After hearing heated arguments from counsel for Sajjan Kumar and other accused, Justice AK Pathak refused to stay the proceedings of the trial court and slated the next hearing on Monday when the Central Bureau of Investigation (CBI), which had filed the charge sheet, will continue with its arguments.
Senior advocate I U Khan, appearing for Sajjan Kumar, pleaded that his client should be granted some interim relief. The CBI had been "very kind and generous" to him for all these years "but somehow things have changed...," he said.
At this, Justice Pathak said: "CBI is still generous for you."

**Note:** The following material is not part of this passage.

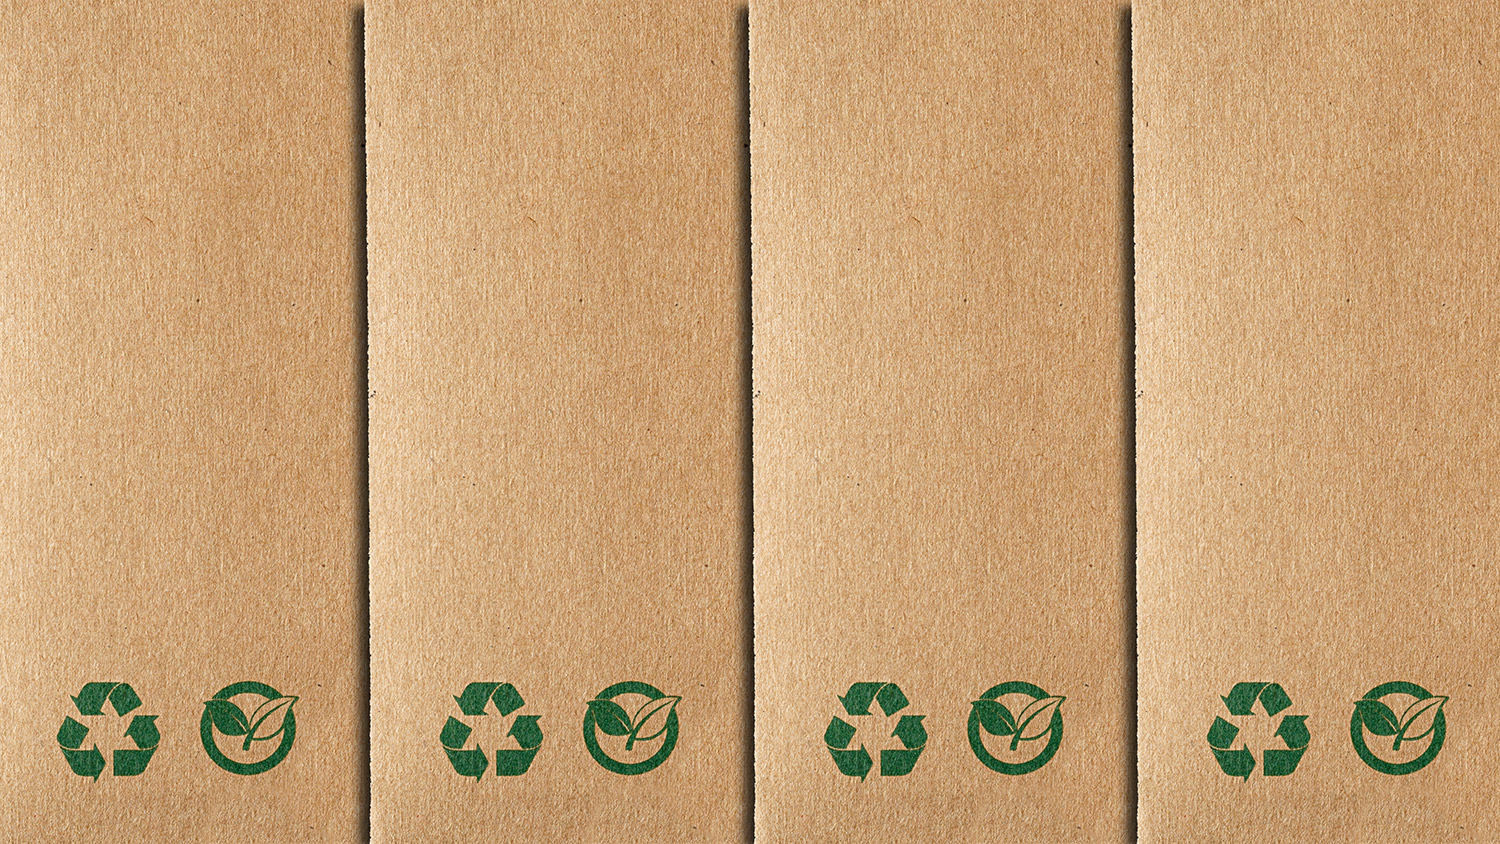 https://www.assemblies.com/wp-content/uploads/2022/10/compostable-packaging.jpg

Khan said there is a likelihood that his client might be arrested any time by the investigating agency.
However, the judge turned down the plea. "It is just a matter of two days, no one will arrest him," the judge said.

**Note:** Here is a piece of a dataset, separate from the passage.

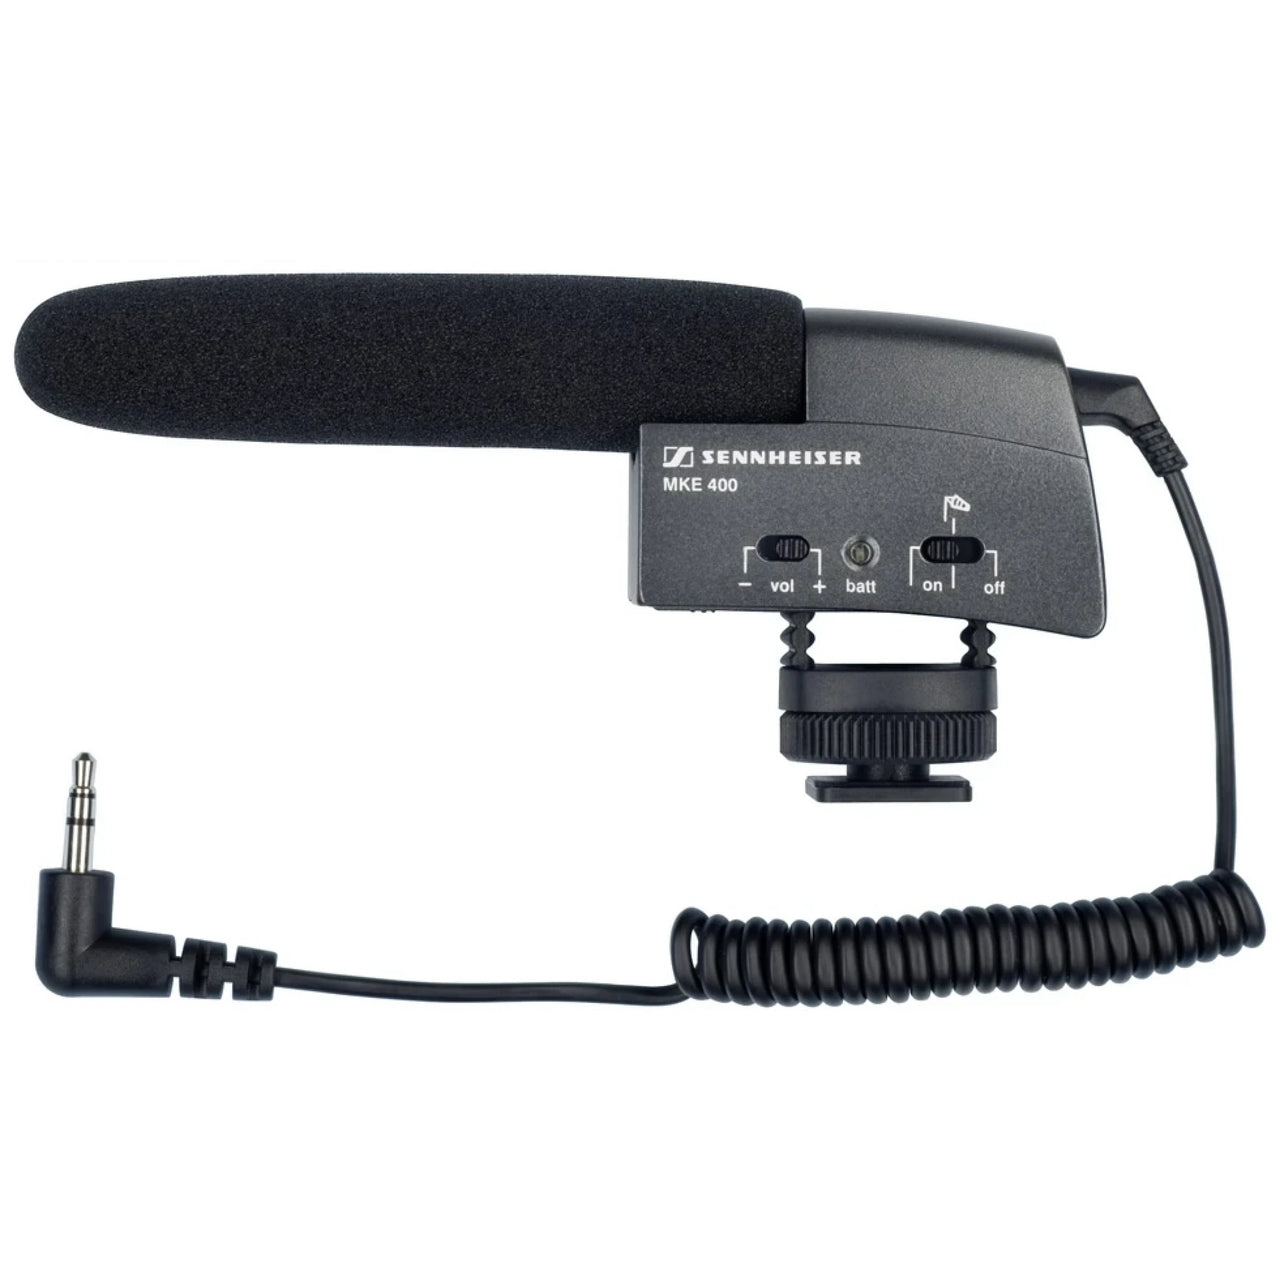 Microfono Sennheiser Direccional Tipo Cañon P/Video Camara, Mke400

Contending that Sajjan Kumar's name had appeared among the accused six years after the riots took place, Khan said his name did not figure there in 1984 but in 1990 and over 100 witnesses examined by the investigating agency did not name him either.
Additional Chief Metropolitan Magistrate Lokesh Kumar on Wednesday issued non-bailable warrants for the arrest of Sajjan Kumar and six others in connection with the 1984 anti-Sikh riots, taking exception to his absence in the court after the Delhi High Court refused to grant him relief.
"He (Sajjan) was duty-bound to appear...The accused was called to appear before the court but he chose to challenge before superior court...but he could not get any relief. He was duty-bound to honour the court's order," Lokesh Kumar observed.
The high court also sought the response of the CBI and others on the petition of two other accused who challenged the trial.
Arguing for Brahmprakash and two other accused, former additional solicitor general (ASG) Amarendra Sharan said: "Filing of the fresh charge sheet in the case is in the bad spirit of law. The charge sheet is not maintainable at all. If this situation will prevail, then nobody in this country will have liberty to live and will never be able to acquit himself from trial."
"This prosecution is leading to my client's persecution," Sharan claimed, adding the registration of cases, where the acquittal took place, is barred under the law.
"And moreover whenever these people are required by the investigating agency, these people have voluntarily appeared and cooperated in the investigation," he said.
Sharan said his client was being harassed for the past 25 years and sought bail for him, citing his good conduct in the past, and said that he did not need to go to jail "just to satisfy the ego of some people."
The CBI filed charge sheets against 13 people, including Sajjan Kumar, Jan 13 in two 1984 riot cases for allegedly making provocative speeches leading to the killing of 12 people in the violence that broke out following the assassination of the then prime minister Indira Gandhi.